• WHAT NEEDS TO BE DONE:
Retype each line of the material below word for word; pictures stay out.

• INFORMATION PROVIDED:
═══

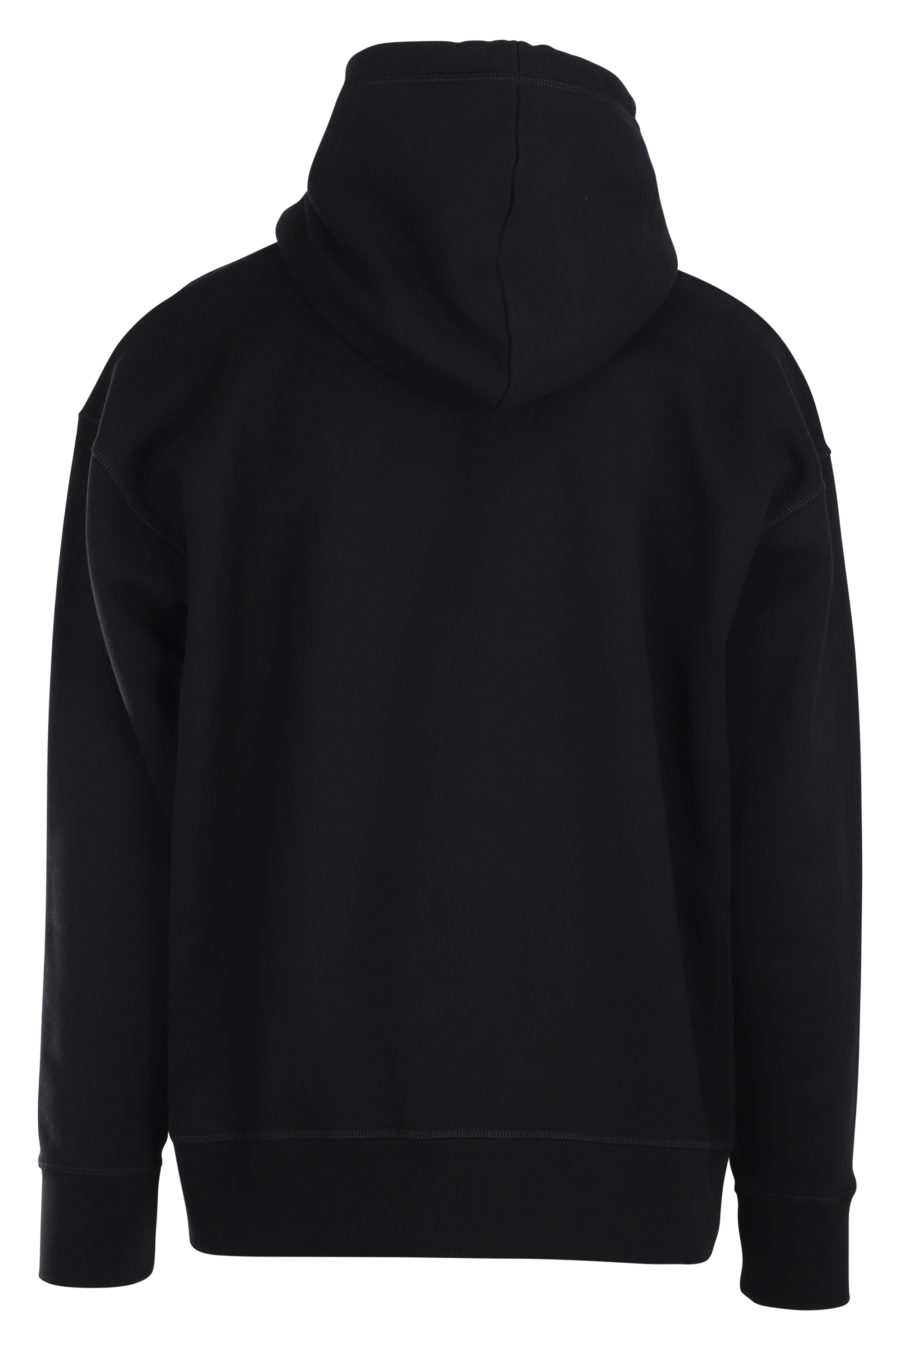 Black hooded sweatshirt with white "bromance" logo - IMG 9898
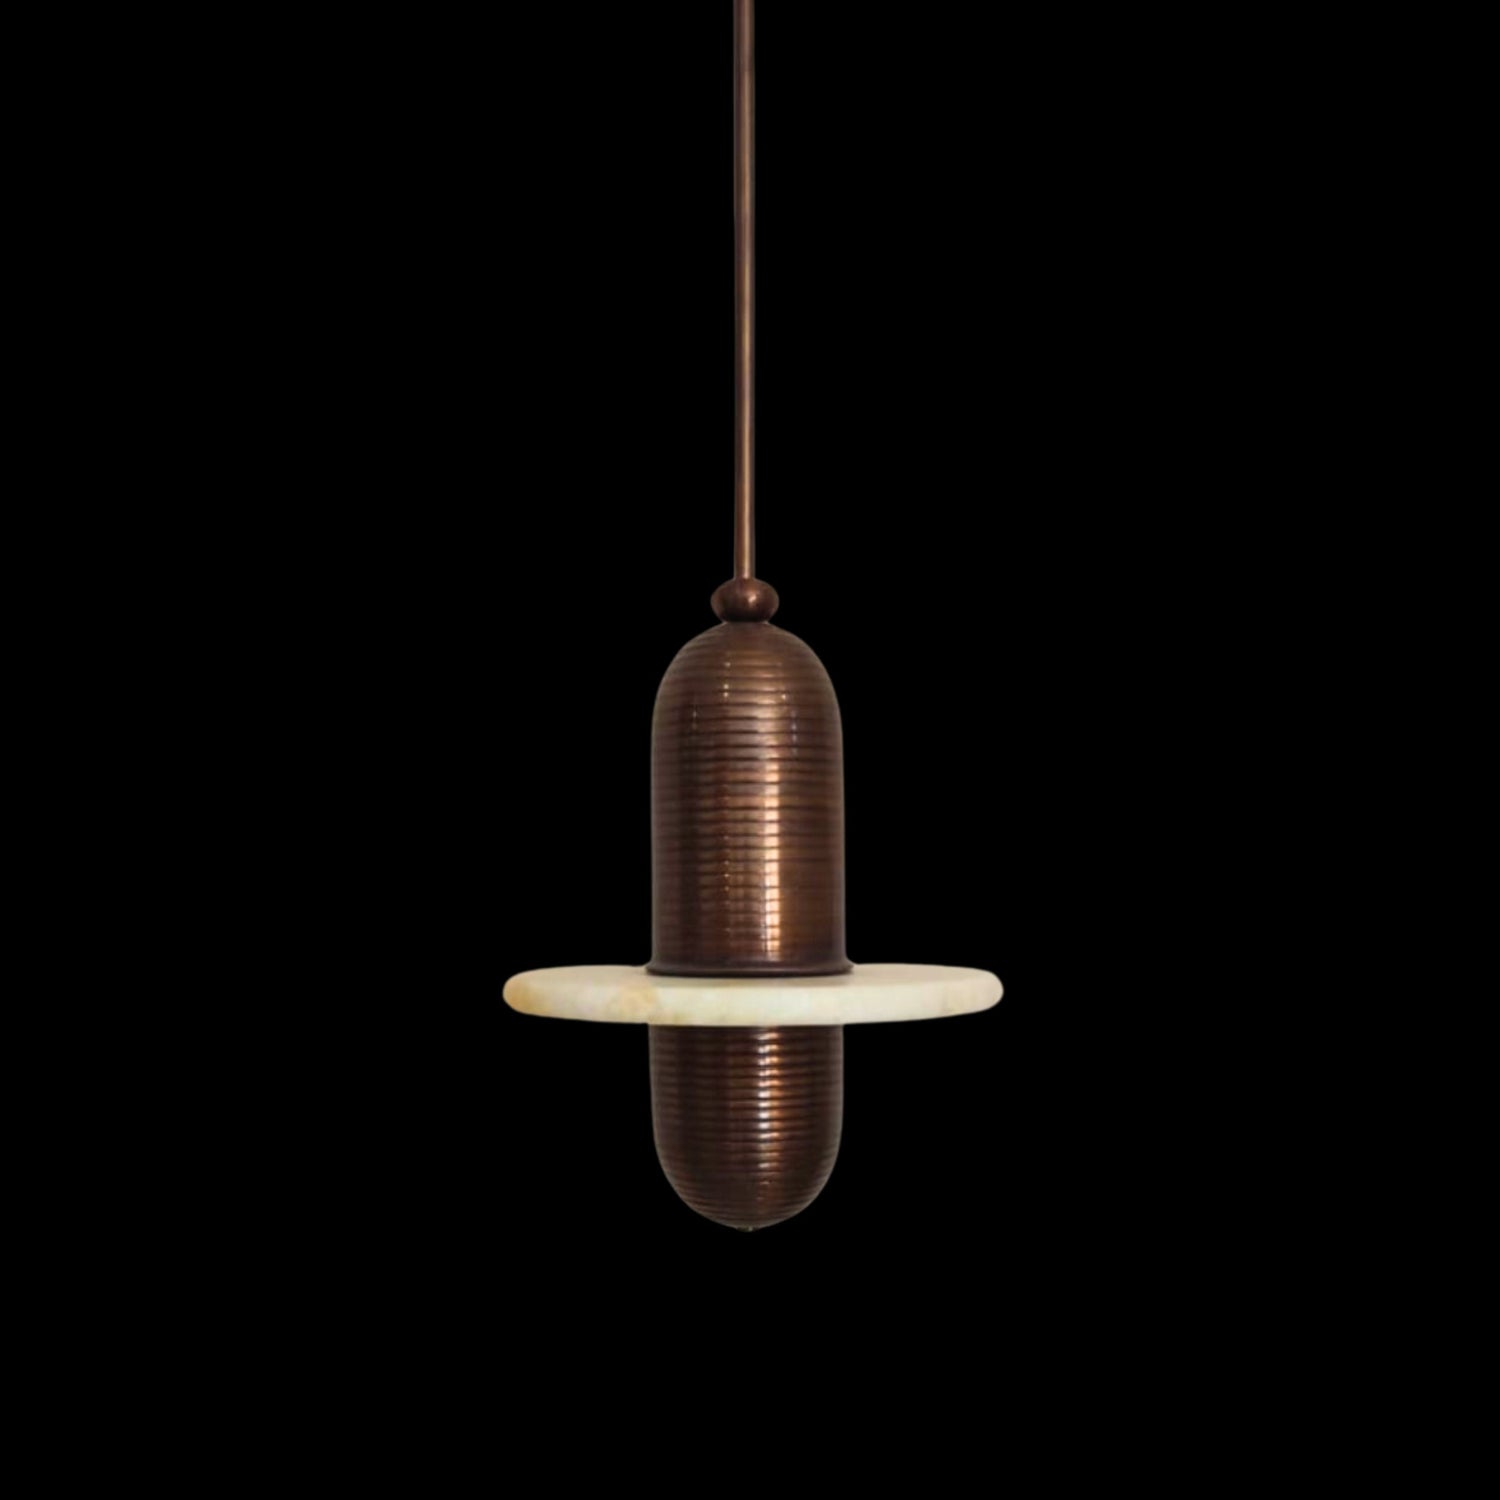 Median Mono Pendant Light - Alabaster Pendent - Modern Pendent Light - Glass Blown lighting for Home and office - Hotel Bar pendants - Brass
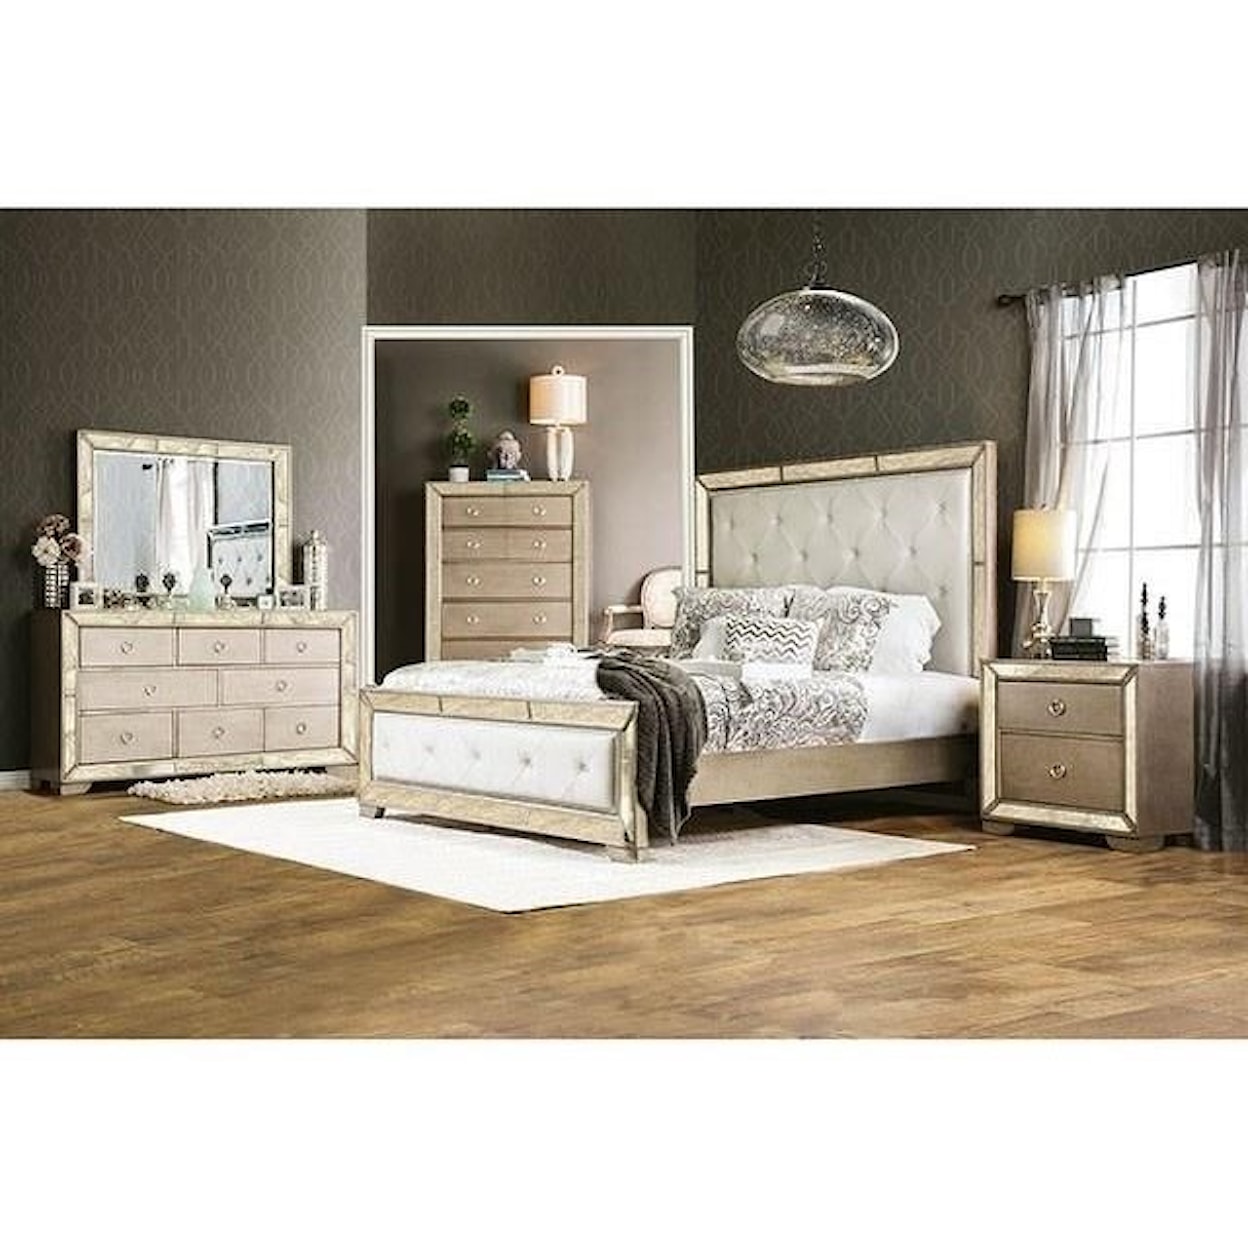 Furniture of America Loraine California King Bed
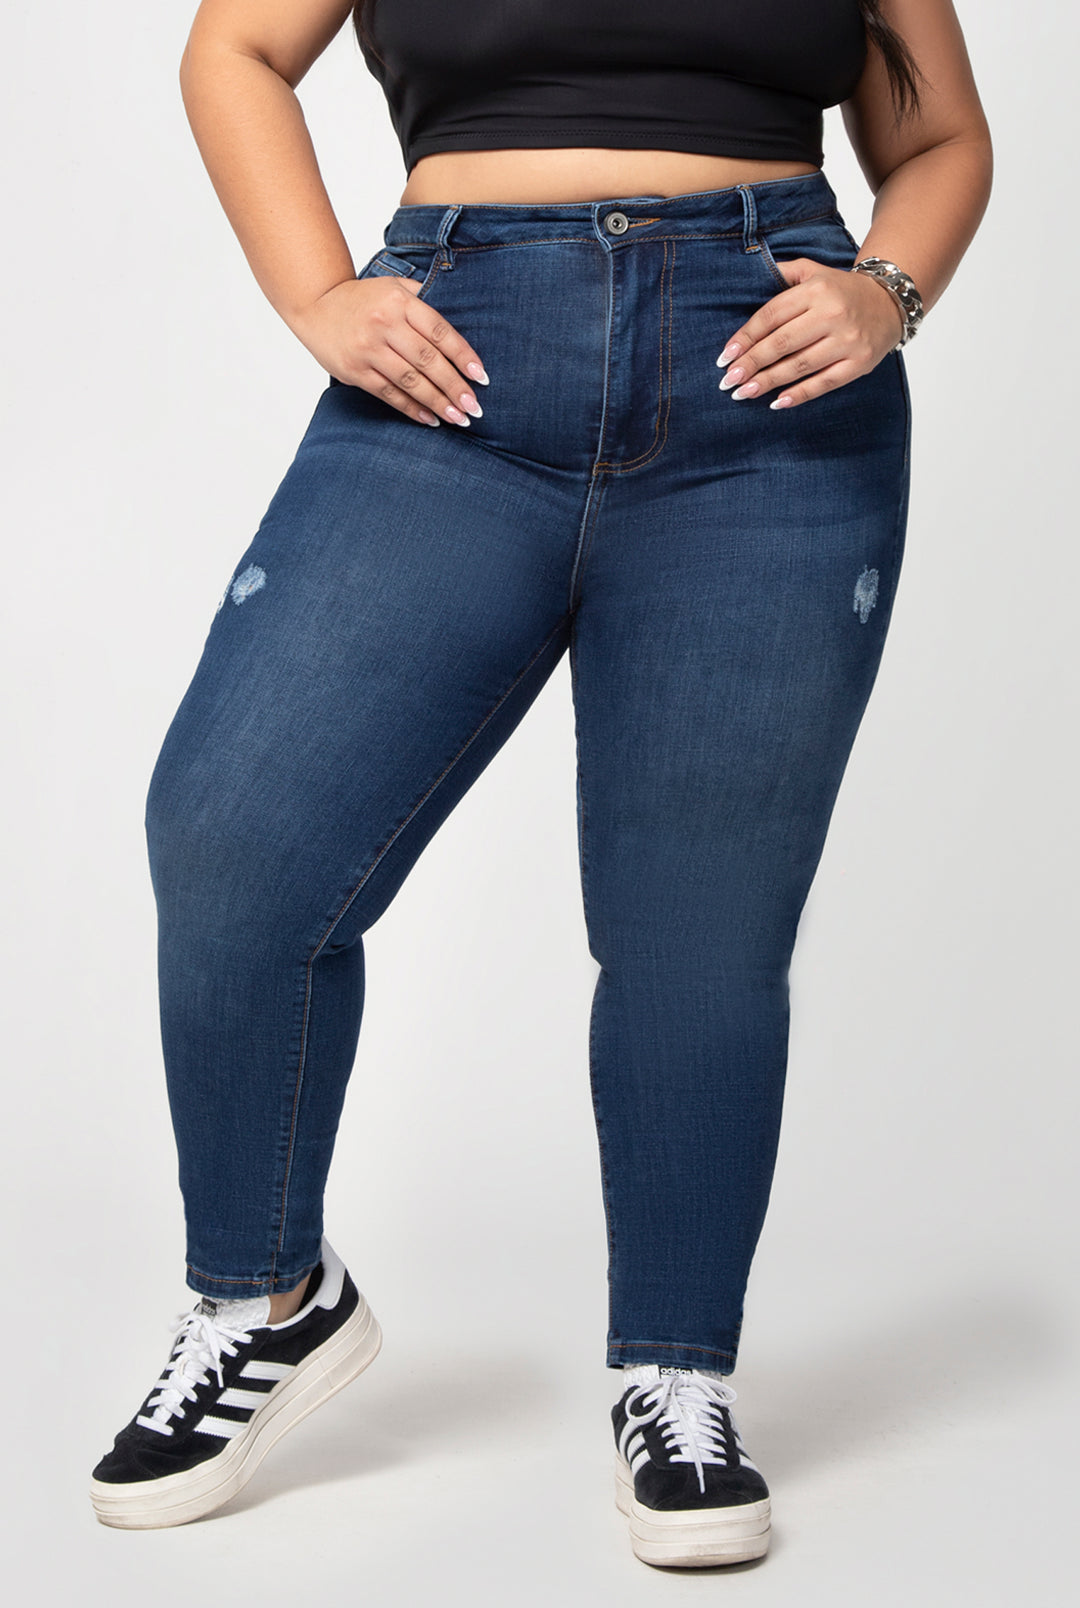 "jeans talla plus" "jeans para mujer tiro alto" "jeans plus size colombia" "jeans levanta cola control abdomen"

═══

• ANSWER FOR THIS EXERCISE:
 Black hooded sweatshirt with white "bromance" logo - IMG 9898
 Median Mono Pendant Light - Alabaster Pendent - Modern Pendent Light - Glass Blown lighting for Home and office - Hotel Bar pendants - Brass
 Furniture of America Loraine California King Bed
 "jeans talla plus" "jeans para mujer tiro alto" "jeans plus size colombia" "jeans levanta cola control abdomen"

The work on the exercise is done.